DATA IN THIS EXERCISE:
------------
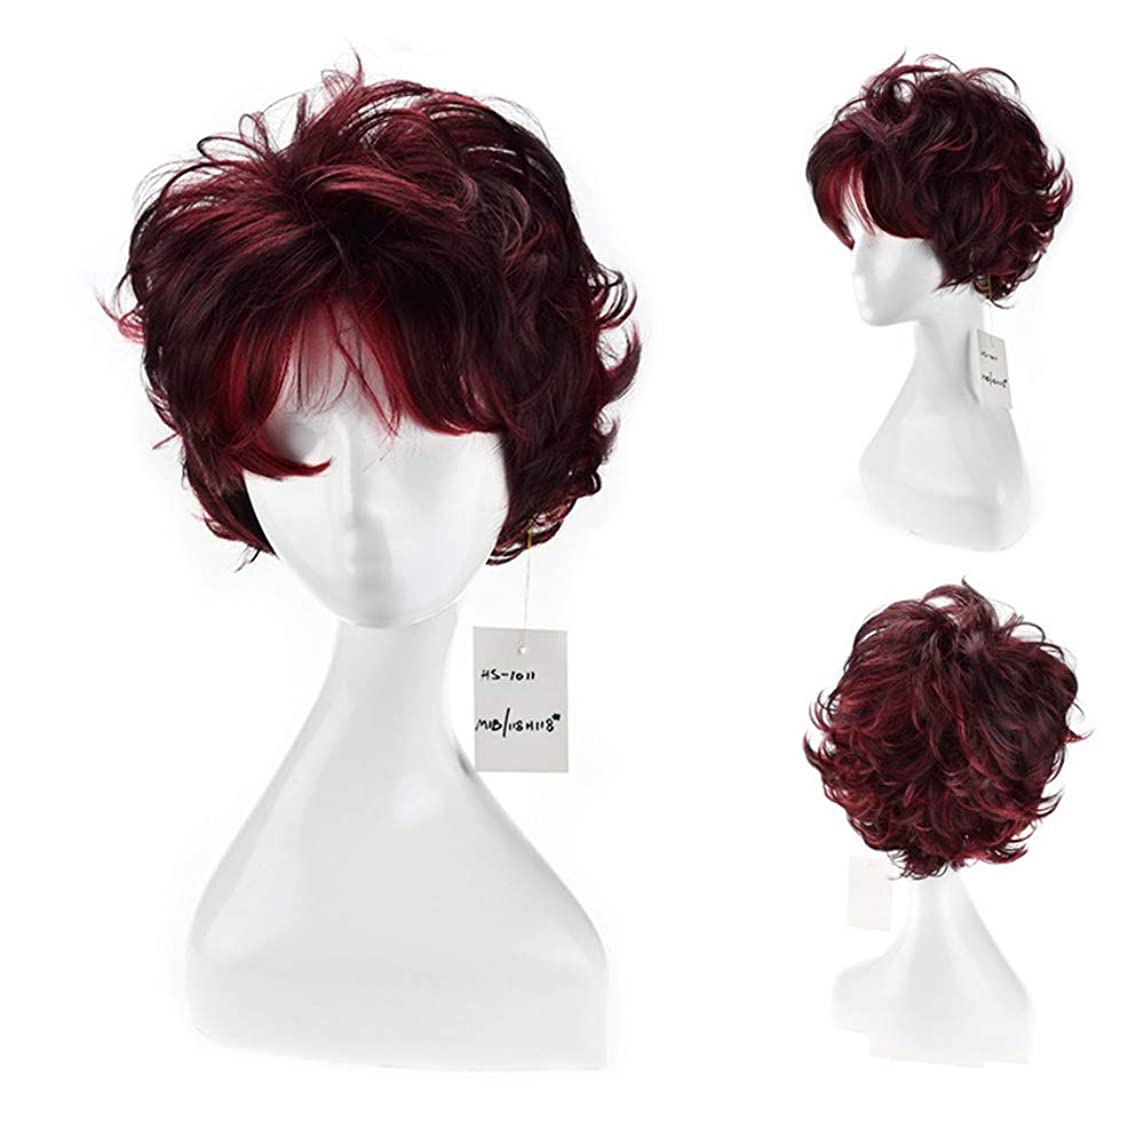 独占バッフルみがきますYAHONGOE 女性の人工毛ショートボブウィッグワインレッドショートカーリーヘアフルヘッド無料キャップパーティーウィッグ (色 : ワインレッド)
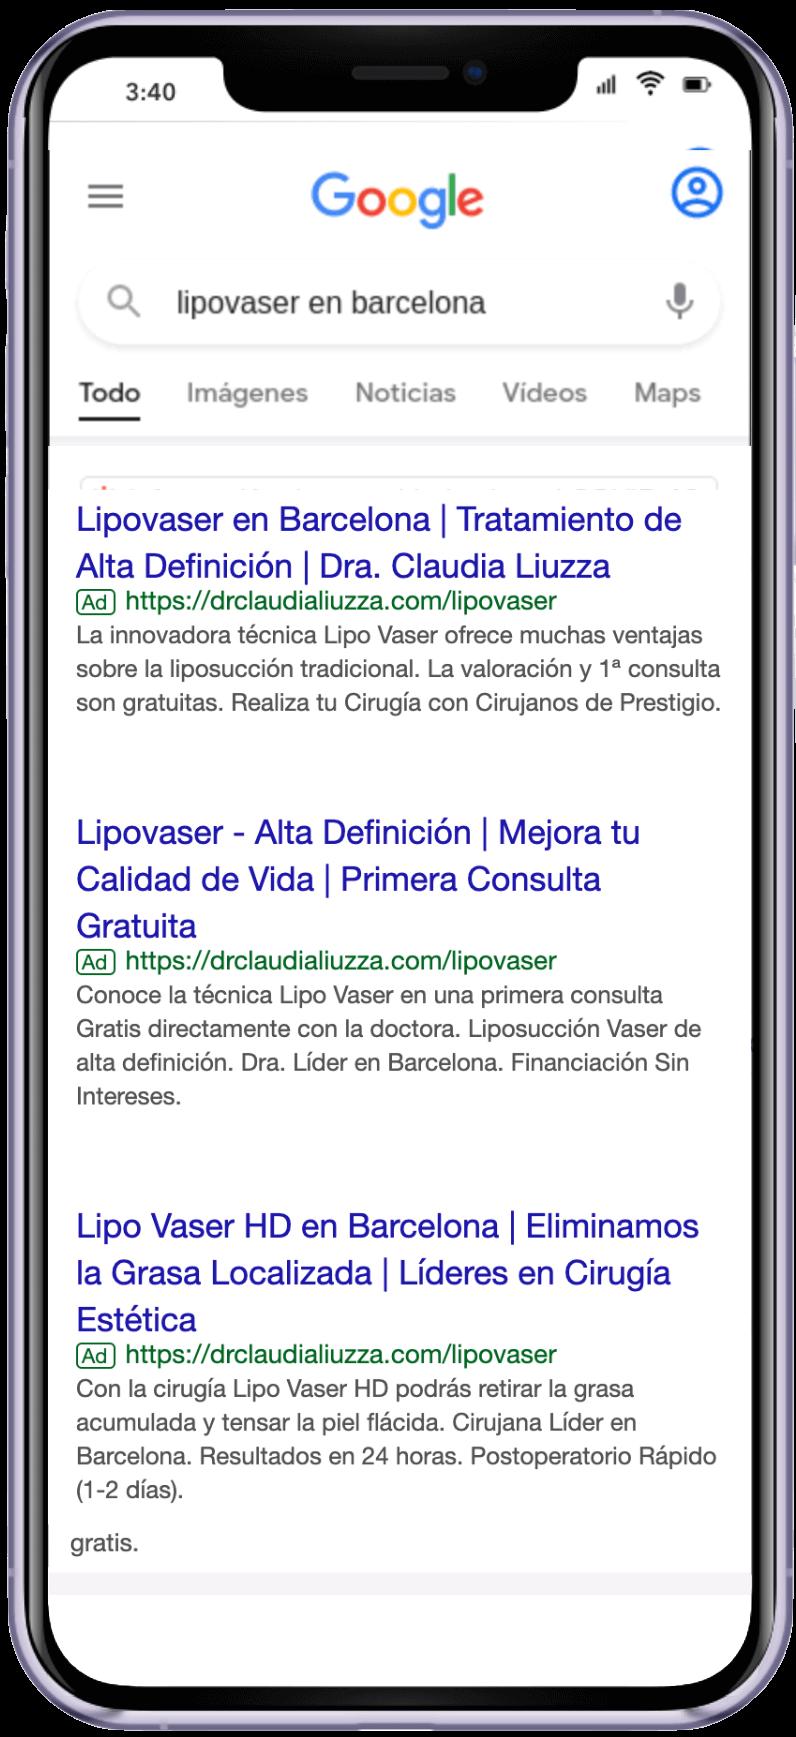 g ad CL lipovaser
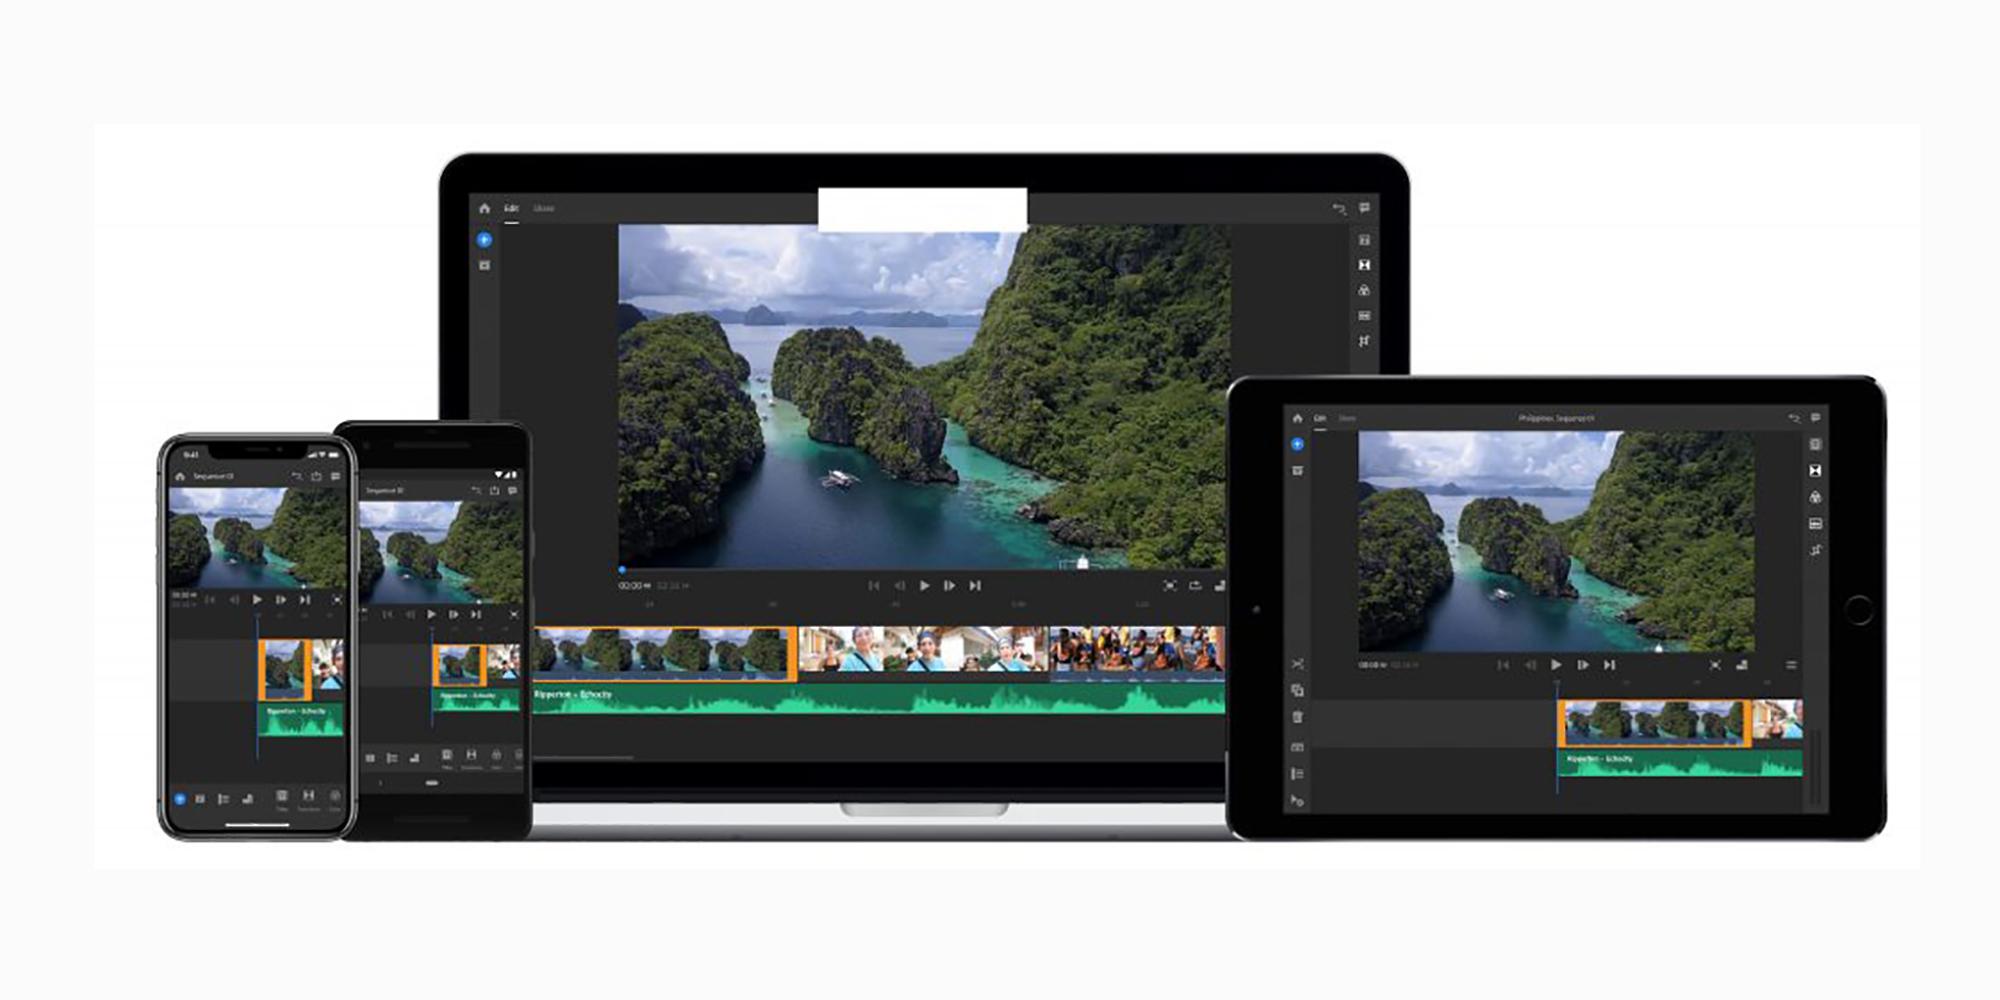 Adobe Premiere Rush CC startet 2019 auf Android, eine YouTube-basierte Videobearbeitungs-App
------------
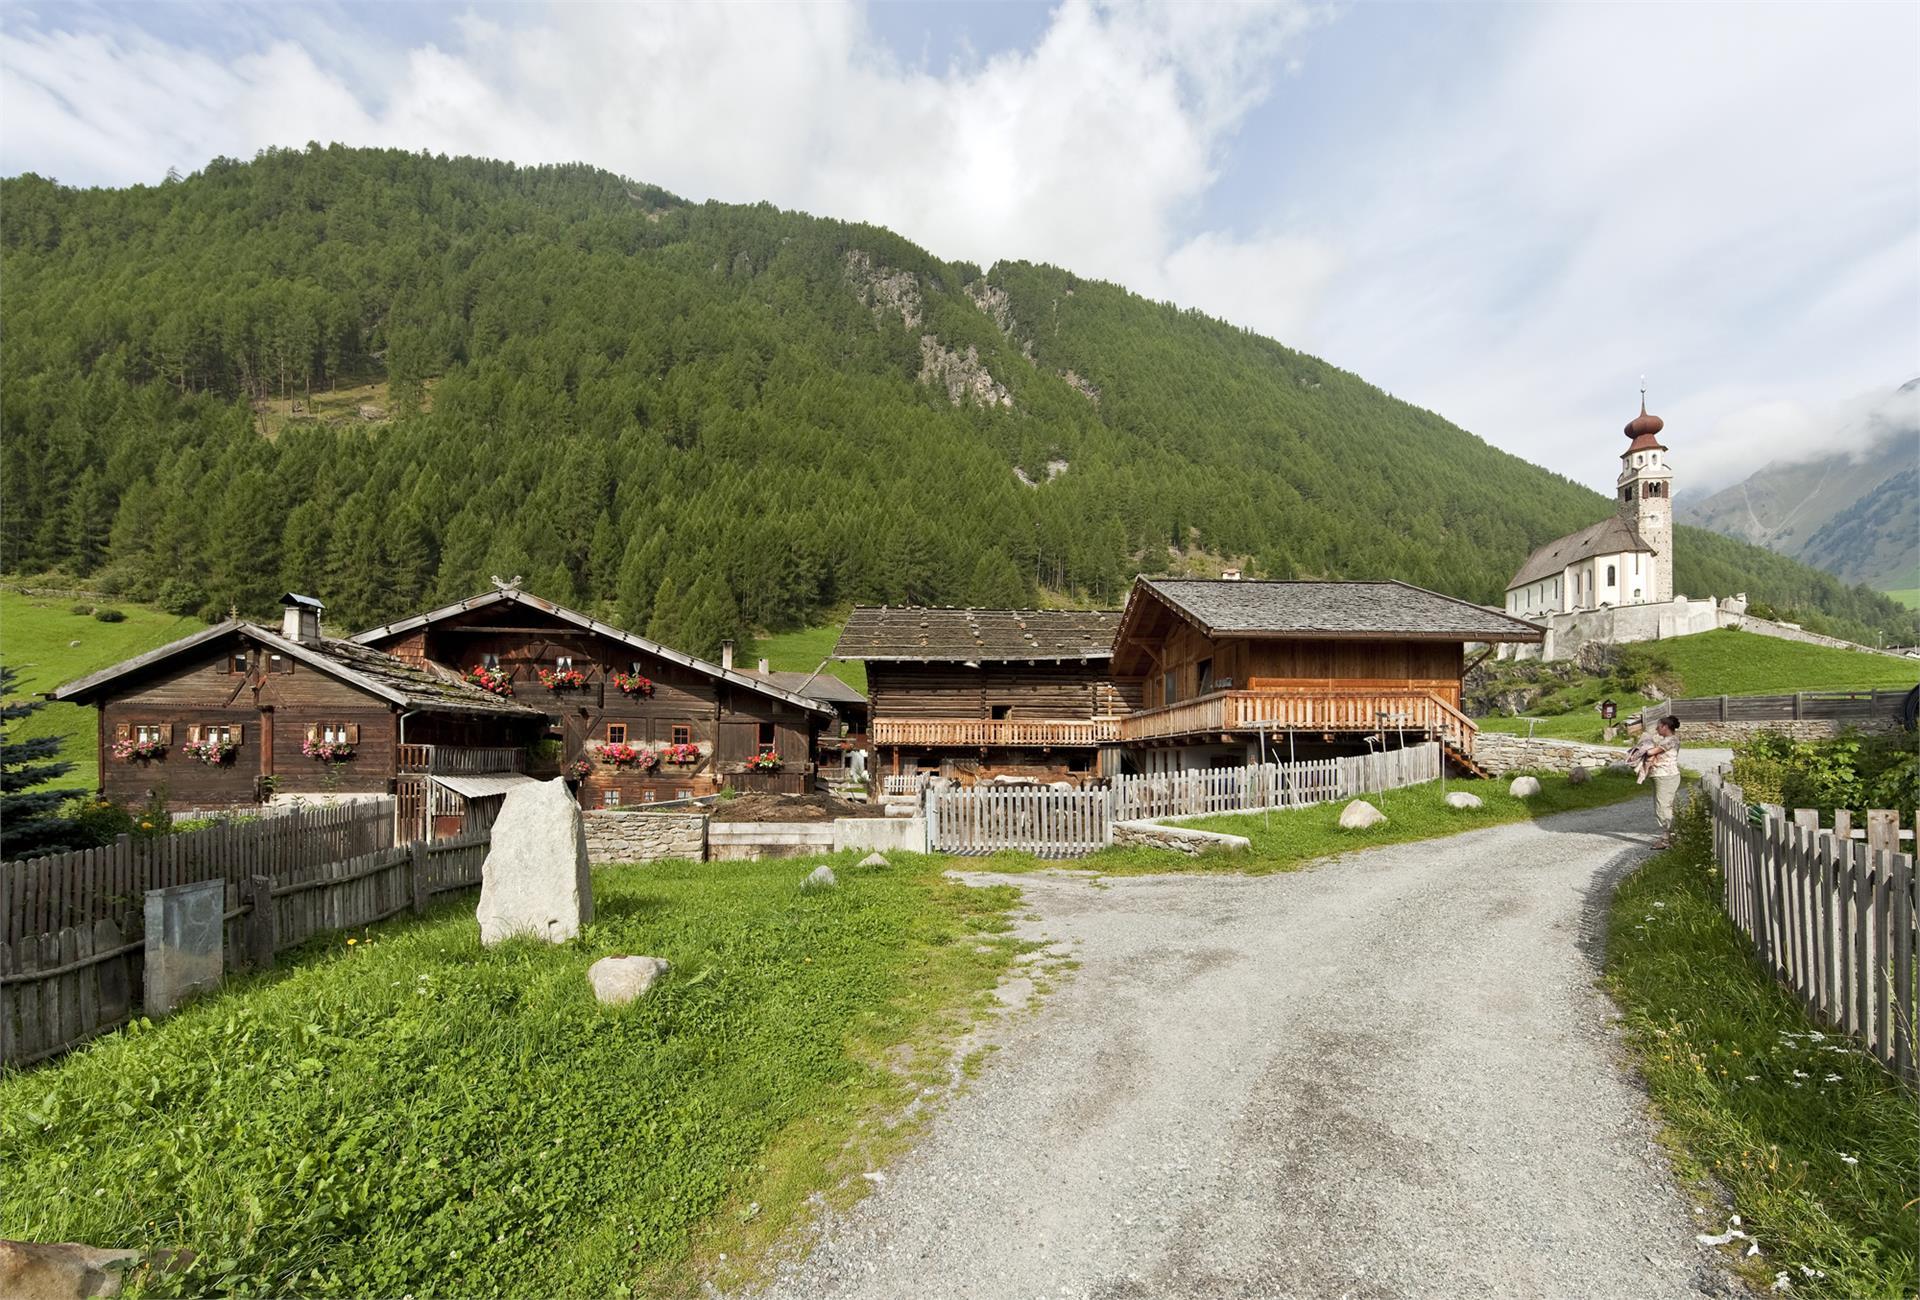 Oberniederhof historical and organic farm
------------
ABOUT THIS TASK:
Your reply is to be an exact repeat of the listing above from the line holding "(色 : ワインレッド)" down to the line holding "Adobe Premiere Rush", ends included, pictures excluded.

SOLUTION TO THE EXERCISE:
 独占バッフルみがきますYAHONGOE 女性の人工毛ショートボブウィッグワインレッドショートカーリーヘアフルヘッド無料キャップパーティーウィッグ (色 : ワインレッド)
 g ad CL lipovaser
 Adobe Premiere Rush CC startet 2019 auf Android, eine YouTube-basierte Videobearbeitungs-App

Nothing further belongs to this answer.